Sound advice from Paris

Series Title
Series Details 23/01/97, Volume 3, Number 03
Publication Date 23/01/1997
Content Type

Date: 23/01/1997

French novelist Gustave Flaubert once observed that “you can calculate the worth of a man by the number of his enemies”.

French Prime Minister Alain Juppé and his government certainly lack friends. The man given the premiership by President Jacques Chirac back in 1995 has seemingly spent most of his time in office rather than in power, only able to offer the French people year after year of austerity.

As if that were not enough, the German establishment France's bosom pal for the past 50 years has turned nasty.

This week, past and present presidents of the Bundesbank rounded on Juppé. His crime: suggesting that the EU's elected politicians should have a say in economic policy.

“The basis of the French position is that we do not want all decisions on economic, budgetary, fiscal and monetary policy to be shaped by a technocratic, automatic system under the sole authority of the European Central Bank,” Juppé said last month. “That is not our concept of democracy.”

Not only is it not the French concept, it should not be anyone's.

Critics have been right to condemn French attempts to stymie moves to liberalise postal, telecommunications and energy supply services in the EU, but now Paris is to be congratulated.

It may have taken them a long time to come around to the idea, but now Juppé and his Finance Minister Jean Arthuis are proving themselves to be champions of democratic accountability.
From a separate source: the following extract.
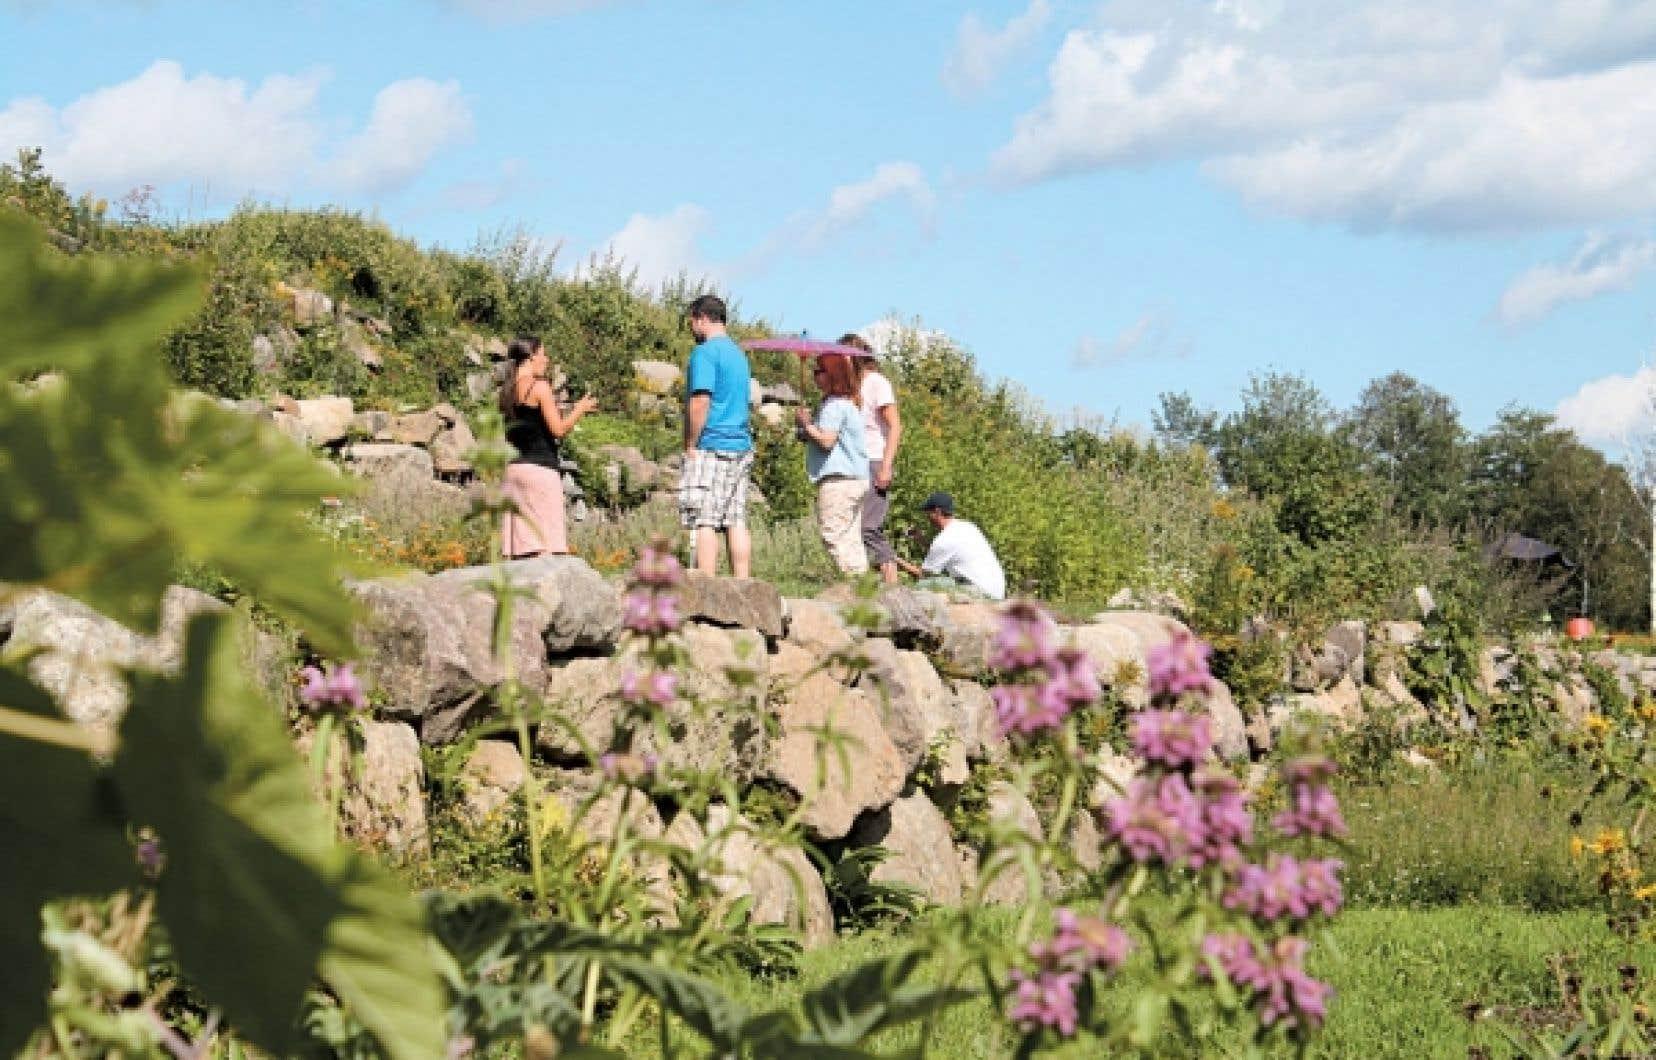 Une visite guidée des jardins de plantes médicinales de la Clef des champs permet d'apprendre un tas de trucs sur la culture de ces végétaux, sur leurs différents usages et sur leurs effets.

Instead of speech-making against the French proposals, Karl-Otto Pöhl, Hans Tietmeyer and Helmut Hesse would do better to read them.

At the moment, they are still vague (largely because of the paranoid knee-jerk responses they prompted from across the Rhine), but a speech by Arthuis last summer gave an outline of French ideas.

Their 'stability council' would be an informal gathering of ministers akin to the club of highly-industrialised states known as the Group of Seven an association never established by treaty. This would encourage “close dialogue” between EMU members on budgetary procedures and aims, the analysis and conduct of economic policy, and on exchange rate targets for the euro.

Is this really so terrifying? Much more frightening is the prospect that governments should be stopped from doing this by central bankers.

Under the Union treaties, budgetary policy remains the responsibility of governments and contrary to what some people in Frankfurt might say so, ultimately, is exchange rate policy.

The more central bankers carry on in this vein, criticising the EU's elected representatives for 'playing politics', the more important it becomes that they do.